Actual masterpiece shit. Much like last year's Unmetal, a microstudio throwback game has swooped in and stolen my heart right before GOTY season. This is a beautiful, gloriously-realized survival horror experience that pays homage to and even improves upon its all-time classic predecessors while still being incredibly unique all the same.

There is so much to love here, it's like a game tailor-made for me - where to even begin? The gorgeous artistic design? The enigmatic, surreal, heartbreaking storyline? The best horror game puzzles I've solved in countless years? The way it plays with perspective and genre expectations? I wish the inventory limit was bigger, because that is absolutely going to be a sticking point for many people, but the occasional tedium barely even fazed me. I finished my first playthrough, then went right back in on the hardest difficulty to see the secret ending and get the rest of the achievements. I never do that.

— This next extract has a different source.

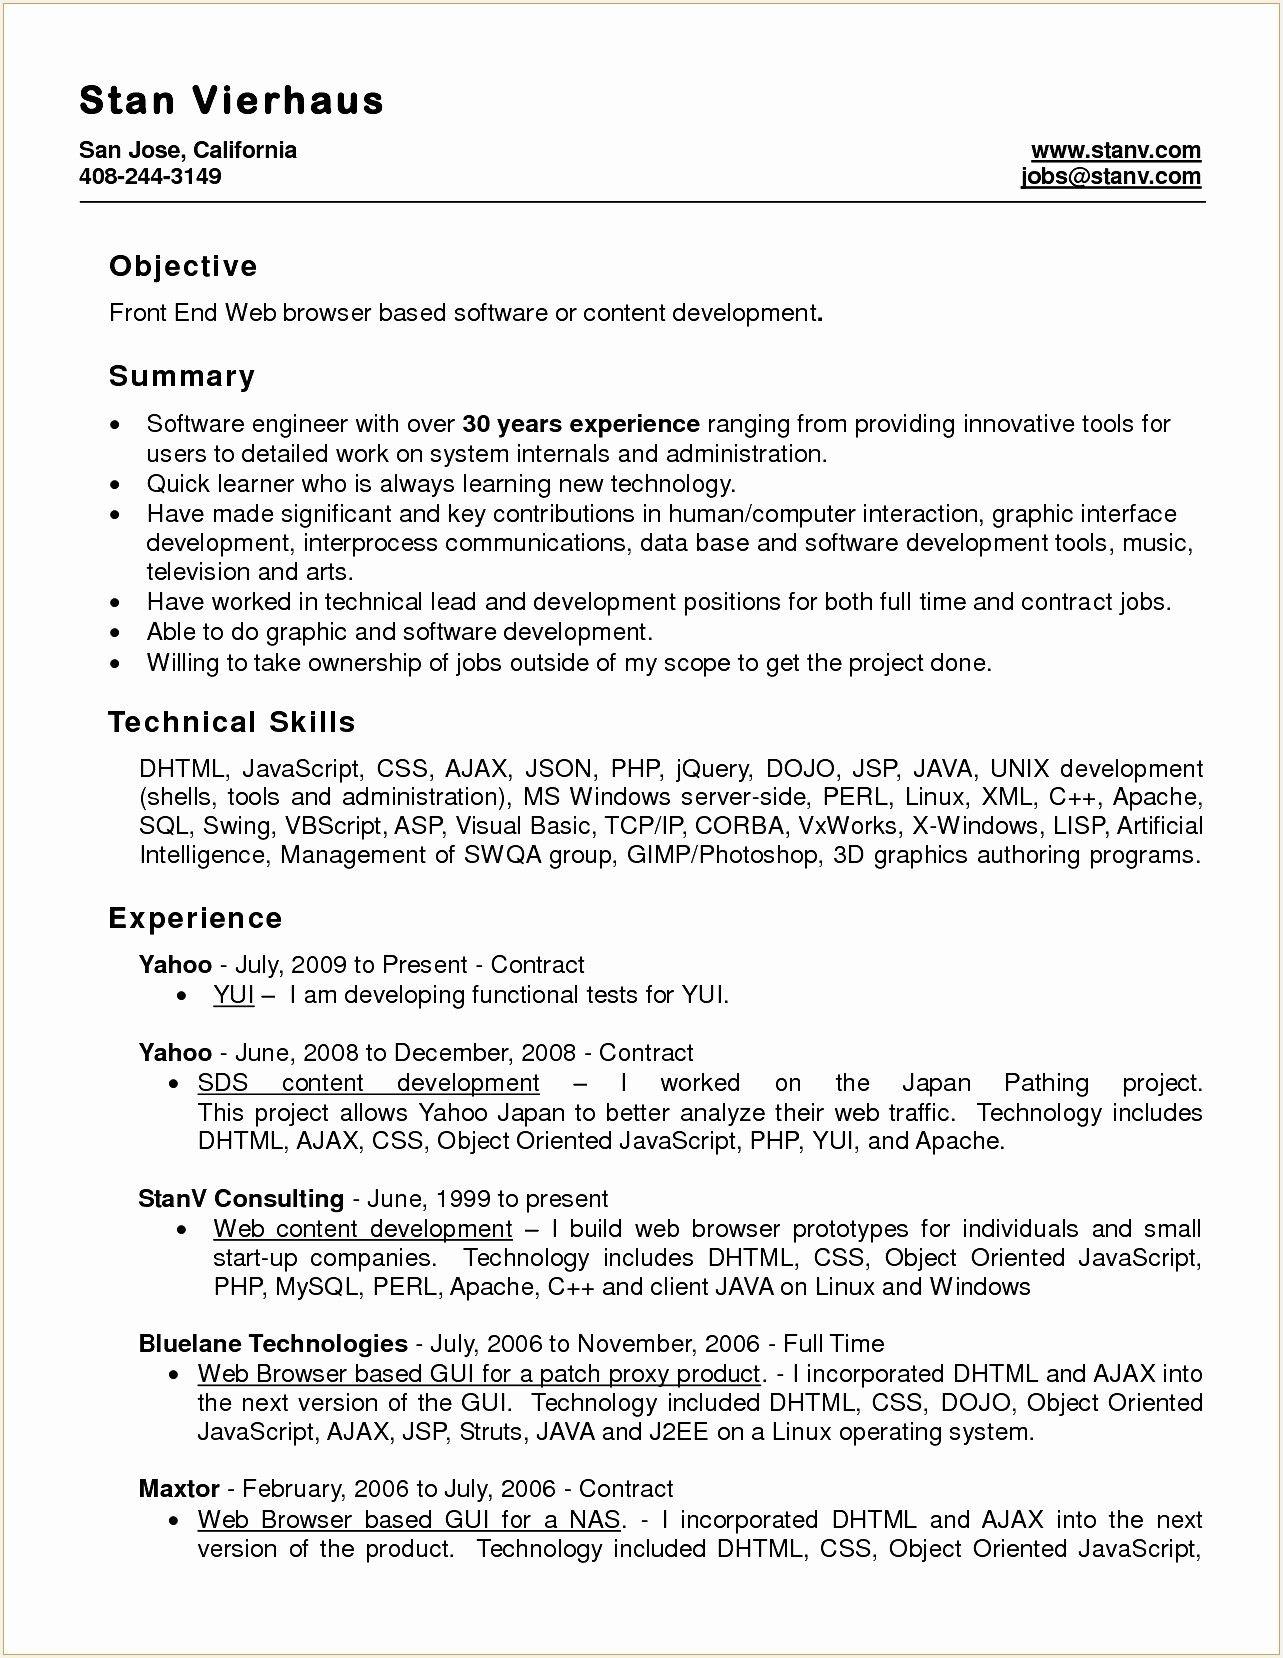 Resume Template Reddit This Is How Resume Template Reddit Will Look Like In 1 Years Time Teacher Resume Template Resume Template Word Student Resume Template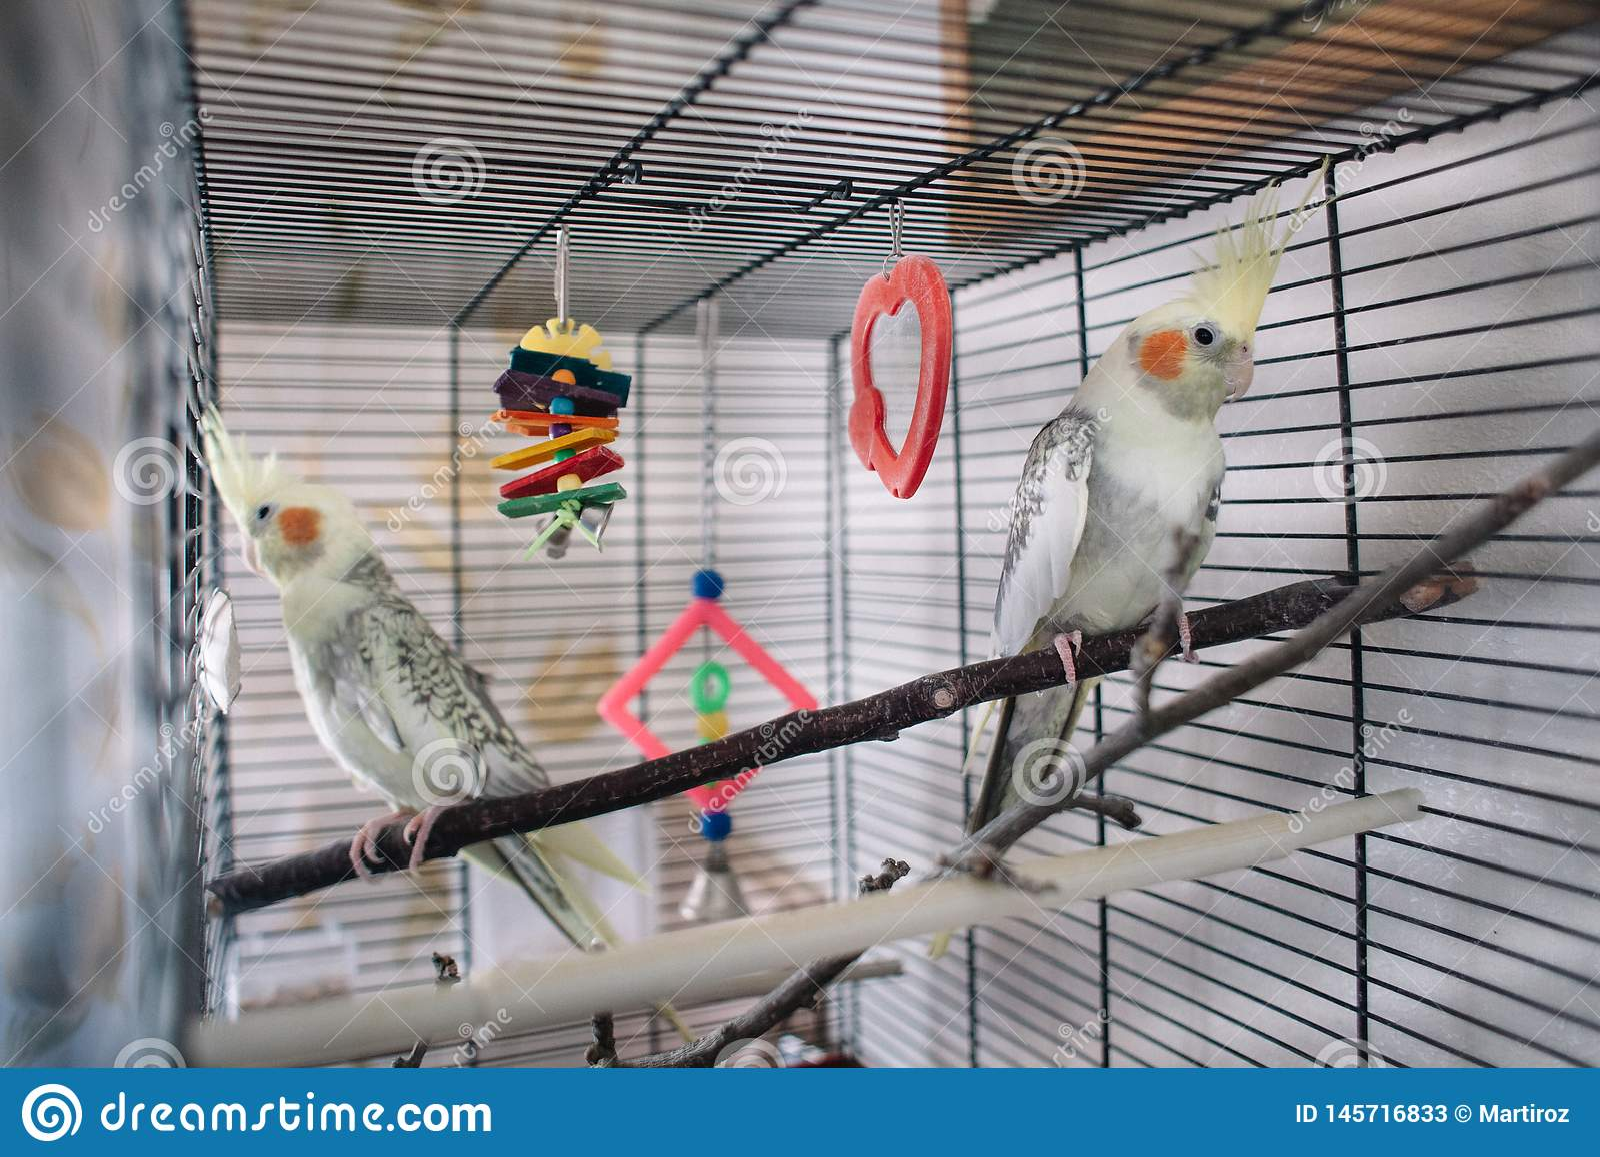 Pary piękna biała papuga w klatce

After years of games promising to be the "new Silent Hill" and seeing Konami pimp out the SH2 remake to Bloober Team of all people, I'd grown jaded... but no more. This is the new Silent Hill. The spirit of our favorite games will always live on in the hearts and minds of dedicated indie developers.

Reviewed on Nov 21, 2022


2 Comments


out of curiosity, what other games promised to be the new silent hill?

1 year ago

This comment was deleted

1 year ago

This comment was deleted

1 year ago

The Medium and Abandoned are big ones, though in all fairness to the studios who made many of the games I was thinking of (Amnesia, Outlast, etc.) a lot of that was probably fans hyping up cool but completely different horror games they liked rather than actual marketing material and I experienced a weird Mandela Effect. Like how everyone was convinced Death Stranding was going to actually be rebranded Silent Hills but it was really something else entirely. That said, there is a veritable genre of games out there that may not pretend to be SH but ultimately just end up copying 2's plot/twist or PT's general design in the end. Of course, all the post-3 SH games also failed to be "the new Silent Hill" in my eyes due to their approaches and concepts, not that I necessarily think any of them are bad aside from Homecoming.

I actually like most of the titles I was referring to btw, it's just down to a sort of insincerity I feel from company's banking off other people's work for quick sales. I think Signalis feels sincere because it isn't claiming to be like Silent Hill. It isn't marketed that way and since it isn't a huge release by a known studio we aren't drowning in cheap comparisons to it either. When I said "this is the new Silent Hill" what I really meant was that it captures the spirit of SH's style more than any major release I've played. It's more of a compliment/expression of love toward Signalis than a diss toward any other games.